TASK OBJECTIVE: Of the records that follow, copy only the lines from the line containing "Movavi Video Converter" to the line containing "Woman walking in a hurry on the sidewalk", both included, exactly as written.

INFORMATION:
--- START ---

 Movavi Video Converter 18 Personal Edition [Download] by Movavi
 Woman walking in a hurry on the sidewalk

--- END ---
--- START ---

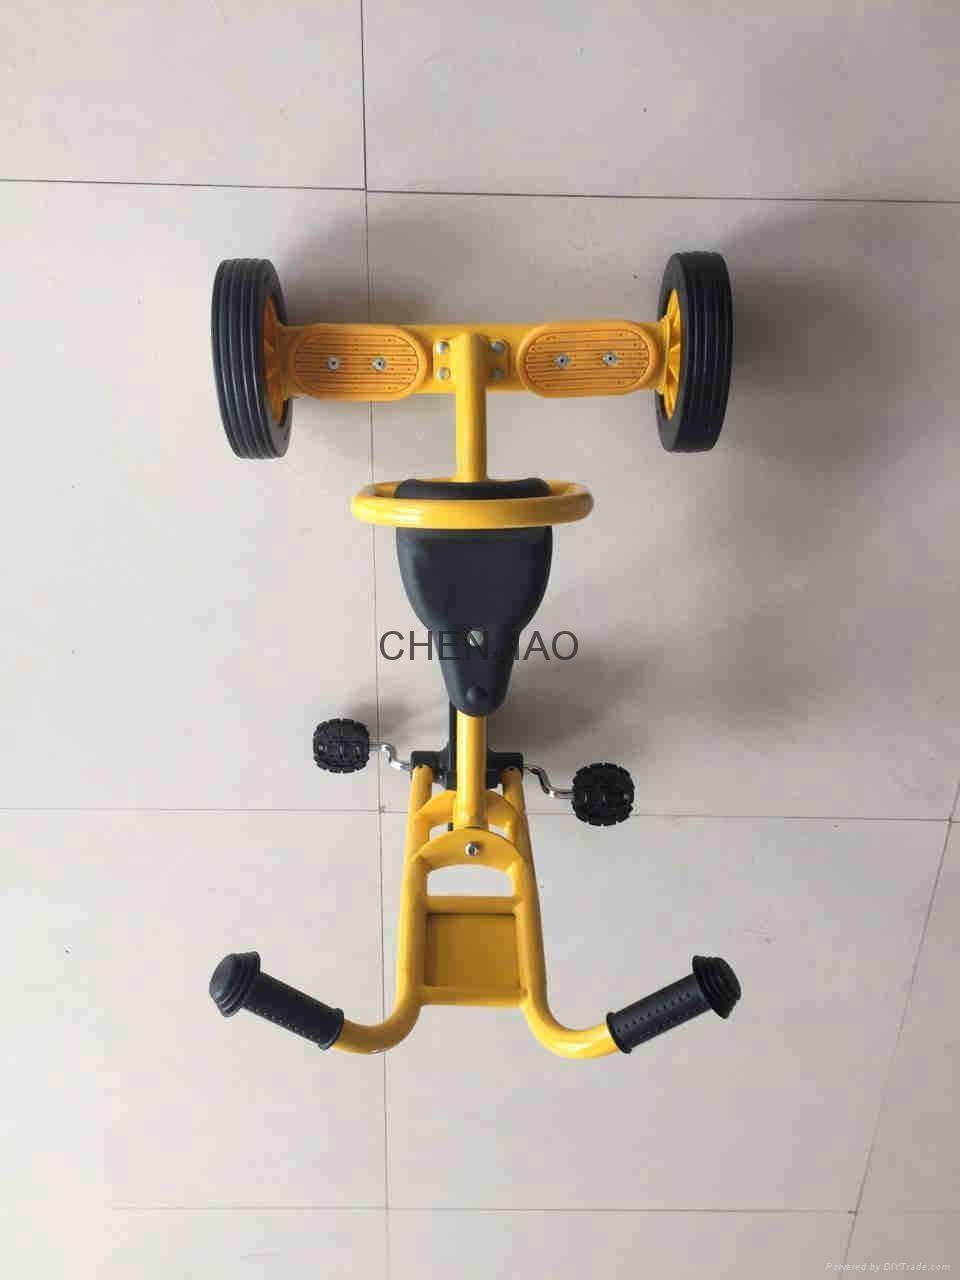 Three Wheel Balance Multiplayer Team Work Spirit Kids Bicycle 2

--- END ---
--- START ---

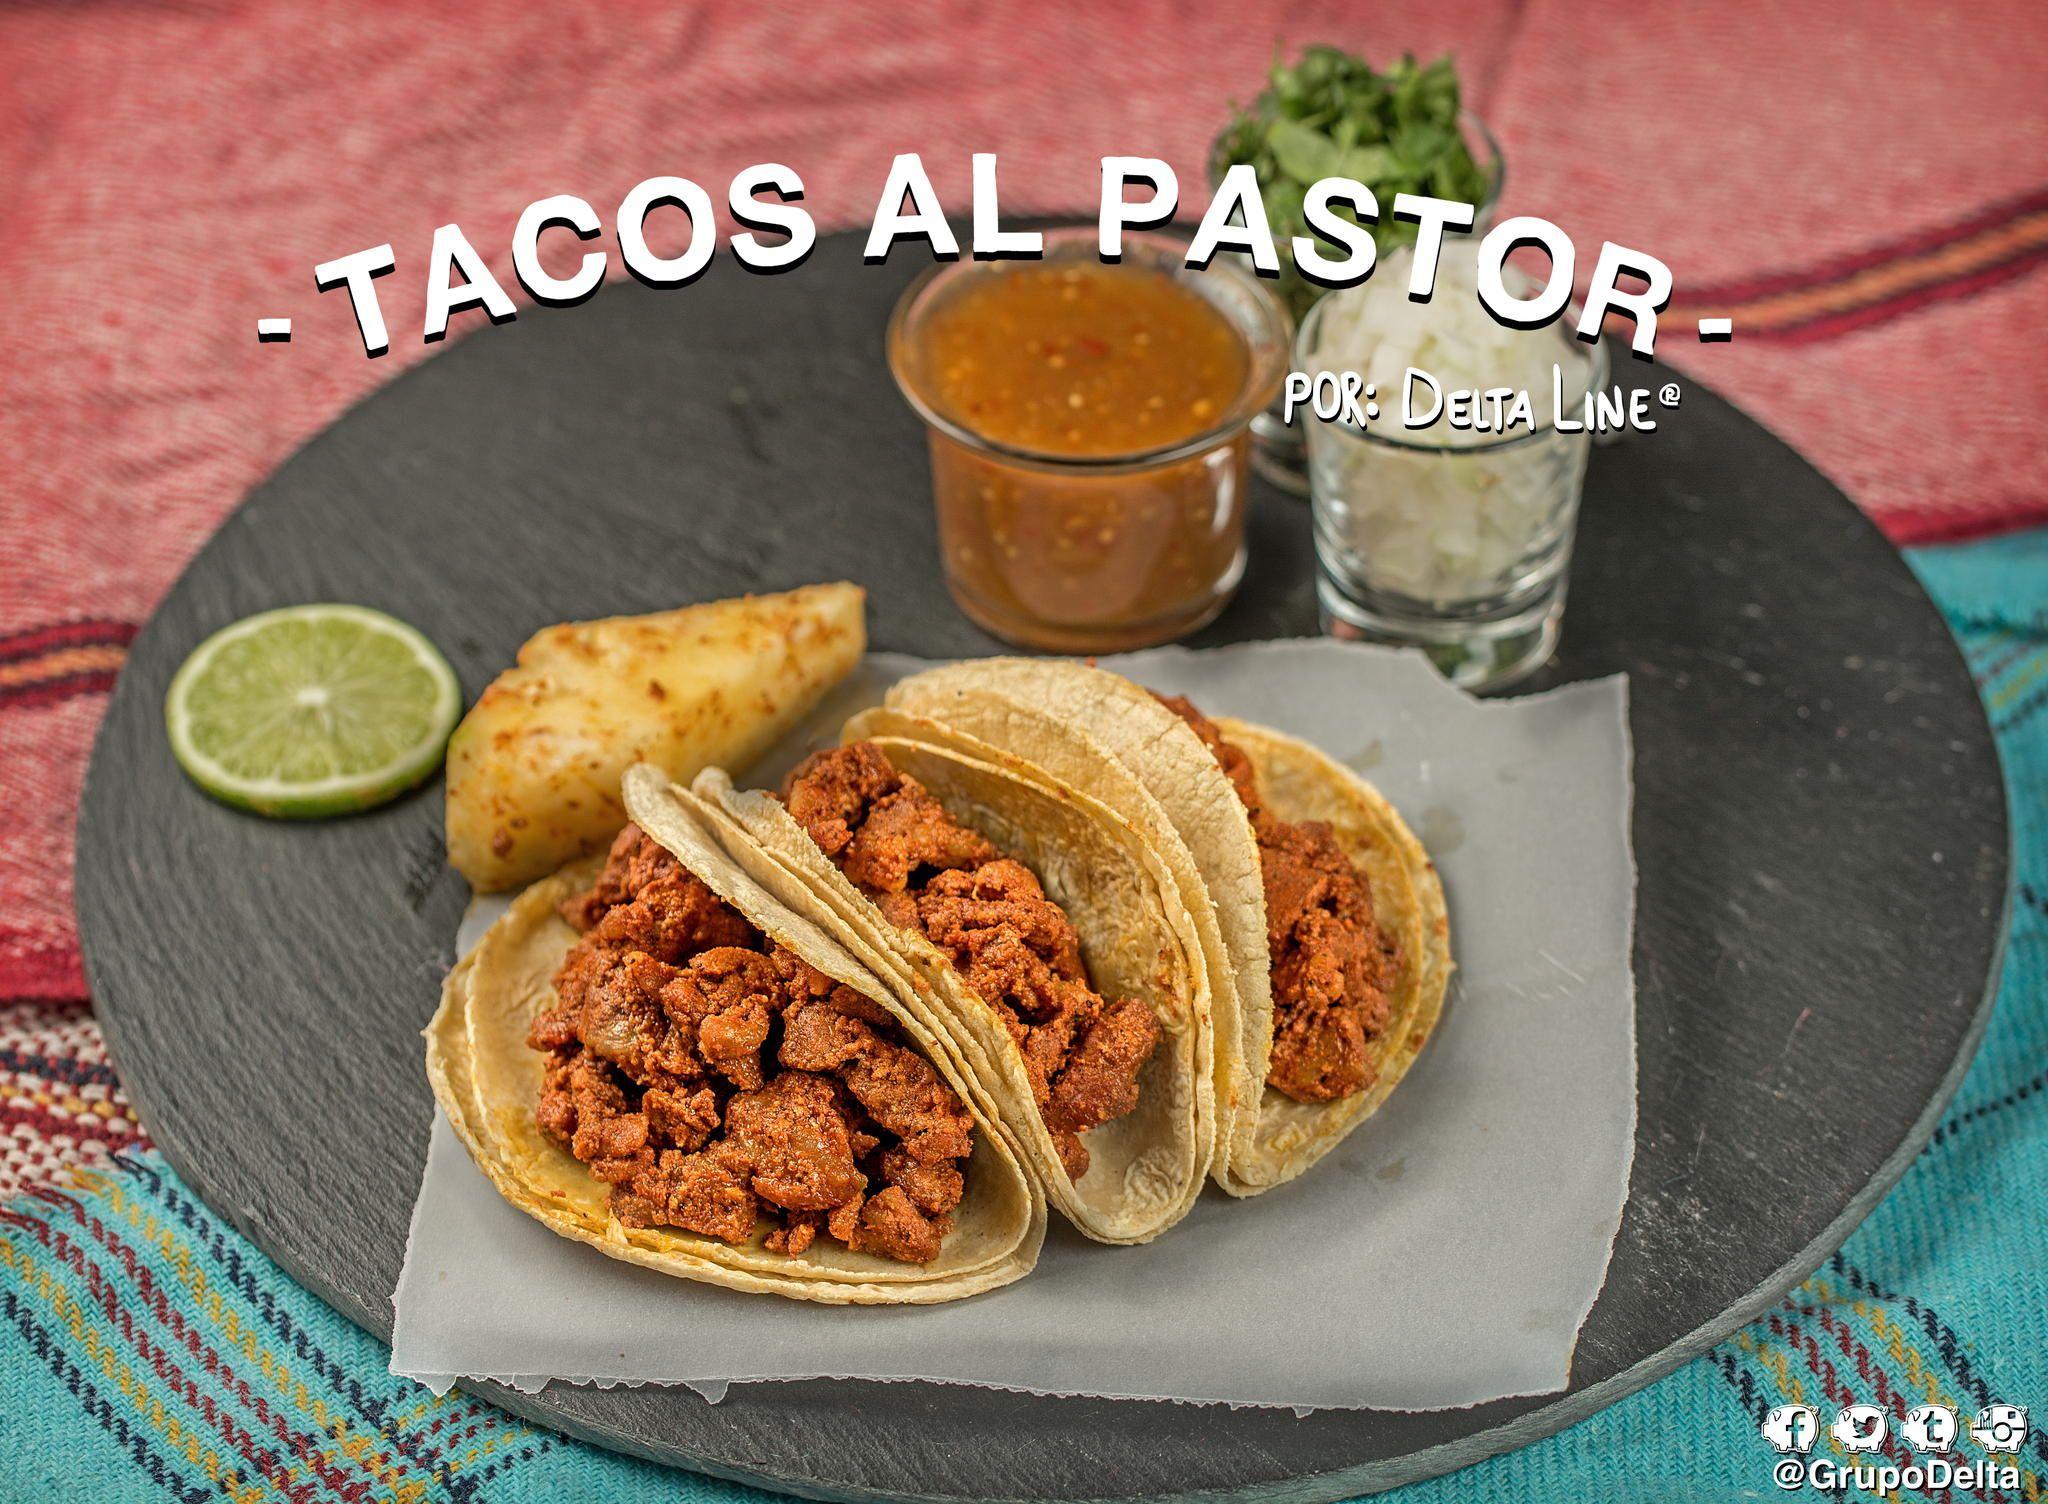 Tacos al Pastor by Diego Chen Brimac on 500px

--- END ---

ANSWER TO THIS TASK:
 Movavi Video Converter 18 Personal Edition [Download] by Movavi
 Woman walking in a hurry on the sidewalk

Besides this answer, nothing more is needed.